Уилки усердно наведывался за кулисы: поприветствовал Лоджа, перехватил между актами Александра — и каким-то образом добился для всей кембриджской компании приглашения на памятный премьерный ужин, который изначально задумывался лишь для актёров и работников сцены. Ужин был на верхнем этаже ресторана «Берторелли» на Шарлотт-стрит. Фредерика поехала туда в такси с Рафаэлем; тот ни словом не обмолвился о спектакле, только обеспокоенно твердил, что заявляться на приём, на который его, в общем-то, не приглашали, может быть не комильфо, и несколько раз пытался развернуть такси в сторону Ливерпуль-стрит, к вокзалу, или хотя бы просто остановить, чтобы самому выскочить и отправить Фредерику на ужин одну. Фредерика же настаивала, что он просто обязан познакомиться с Александром, она так мечтала, чтоб они познакомились! Александр написал «Астрею», в которой она сыграла королеву Елизавету. Рафаэль об «Астрее» ничего не слышал и, казалось, заранее для себя определил, что это не стоит его мыслей и внимания. Мысль о Фредерике в роли королевы-девственницы, впрочем, его на миг позабавила, он с усмешкой спросил, был ли тот опыт таким же тяжким испытанием, как роль леди в «Комосе». Фредерика ответила:
— Я тогда была страшно влюблена в Александра.

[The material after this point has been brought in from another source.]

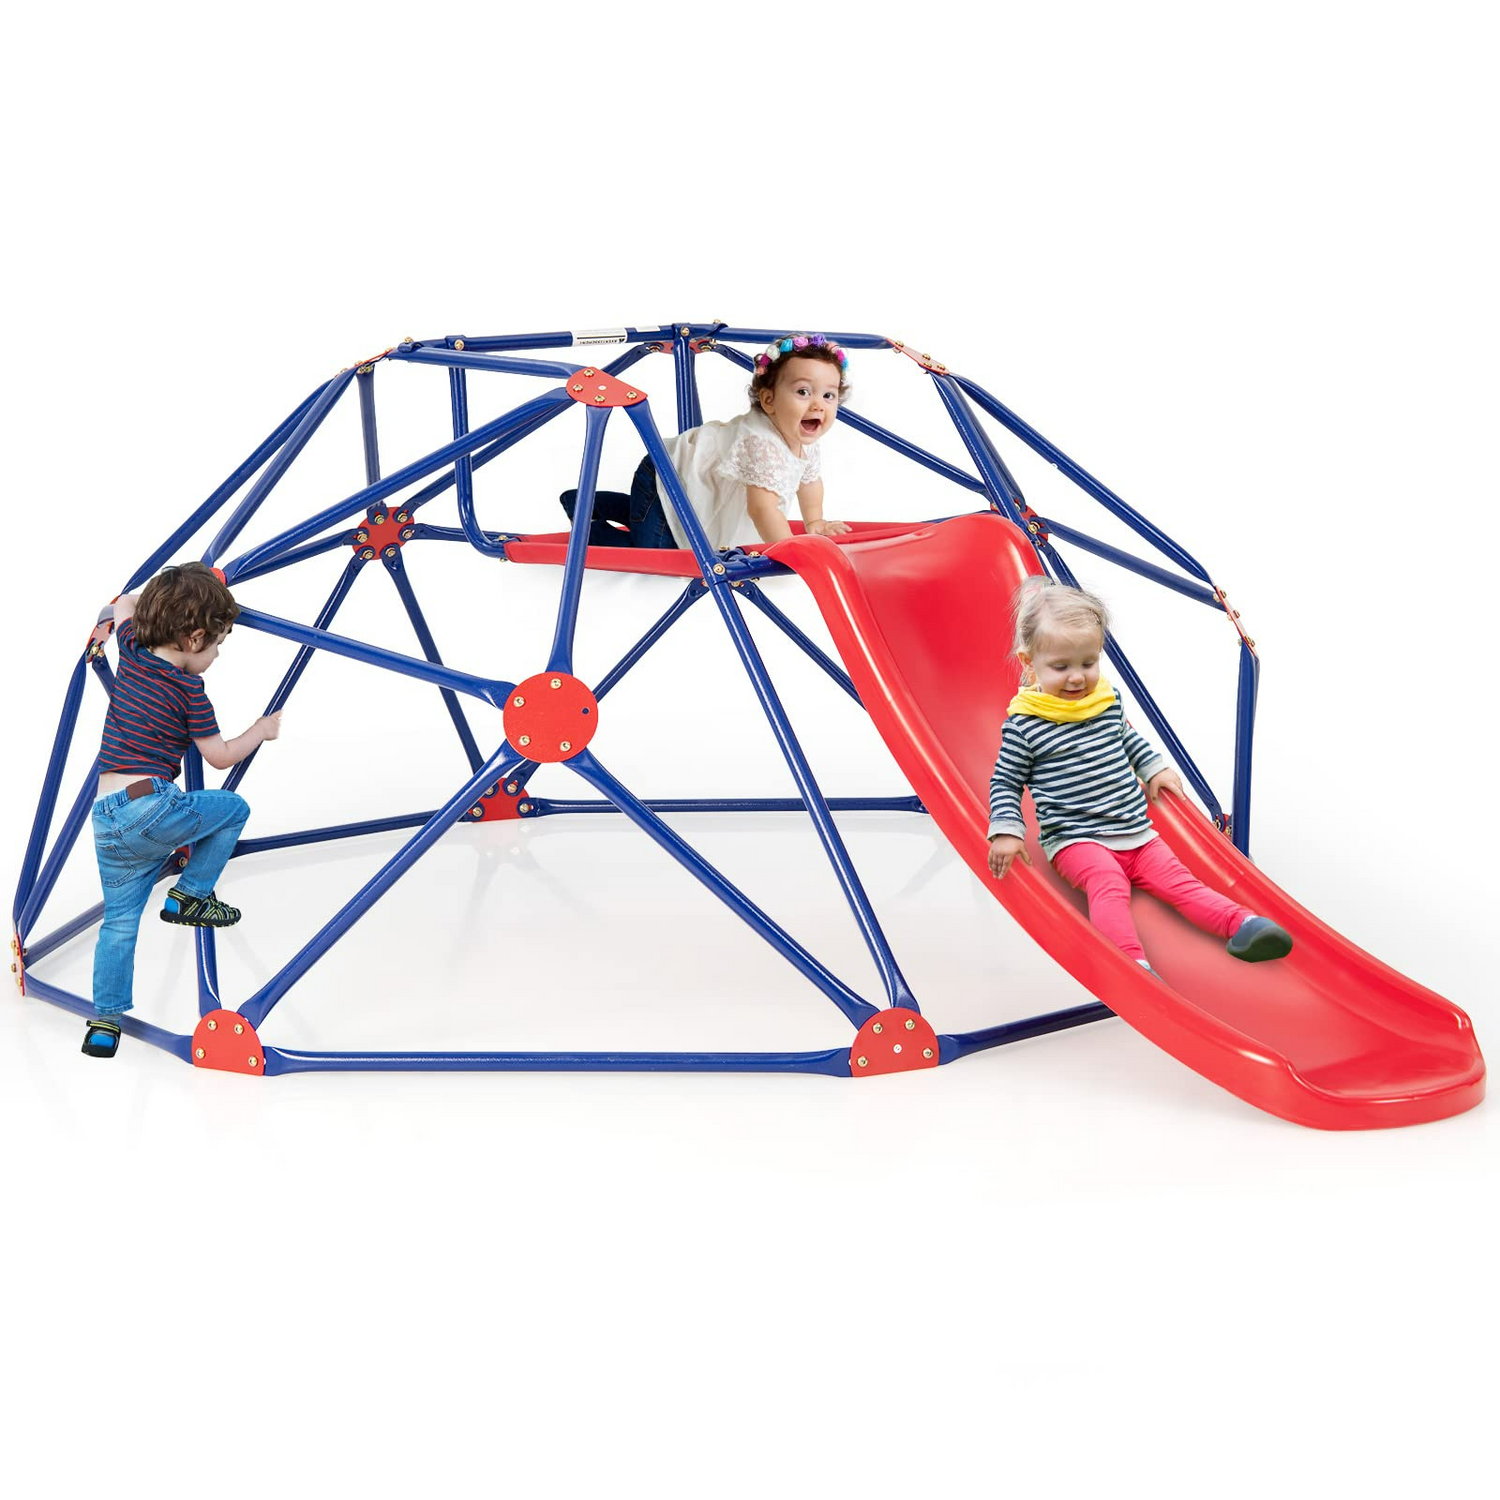 OLAKIDS Climbing Dome, Kids Outdoor Jungle Gym Geodesic Climber Toy with Slide, Steel Frame, Playground Backyard Climb Structure Play Center Equipment OLAKIDS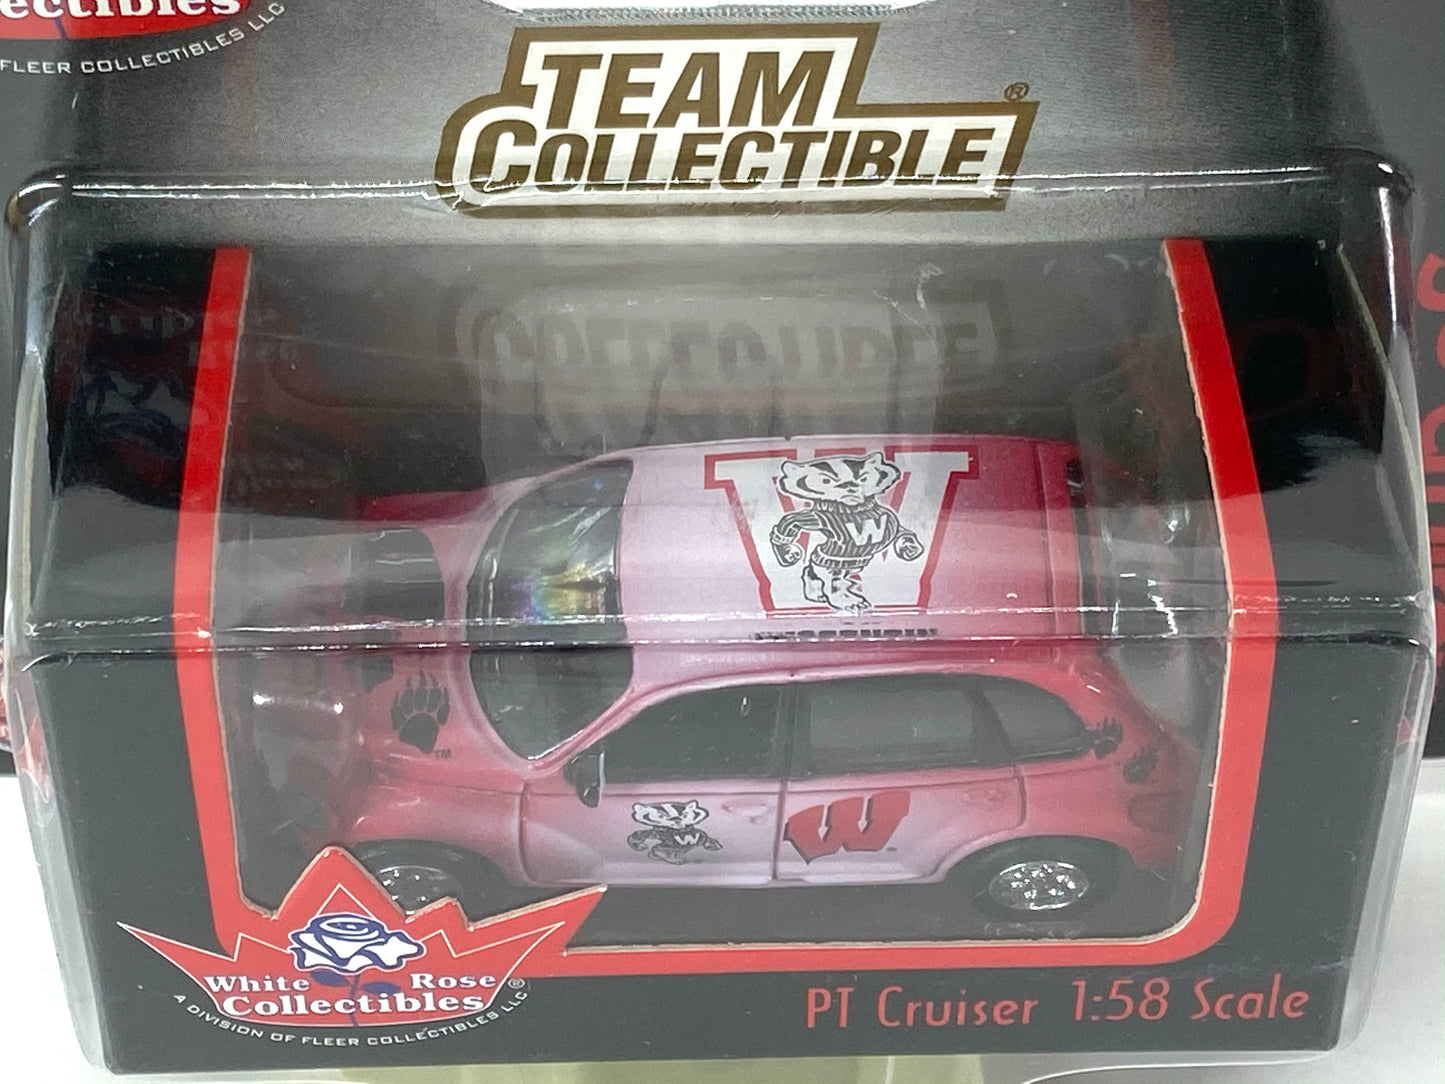 University of Wisconsin Badgers Vintage 2001 NCAA 1:58 PT Cruiser By White Rose Collectibles

— А он знал? — спросил Рафаэль тоном, ясно намекавшим: любя, не высказывают сердце, таятся от предмета воздыханий.
— Ну ещё бы. Я об этом позаботилась.
— Ах да. Это же ты.
— Но ничего не вышло, — поспешно добавила Фредерика. — Точнее, ничего хорошего, не хочу вспоминать.
— Вот и не надо, — сказал Рафаэль. — И всё-таки я убеждён, что нам не следует ехать на этот ужин.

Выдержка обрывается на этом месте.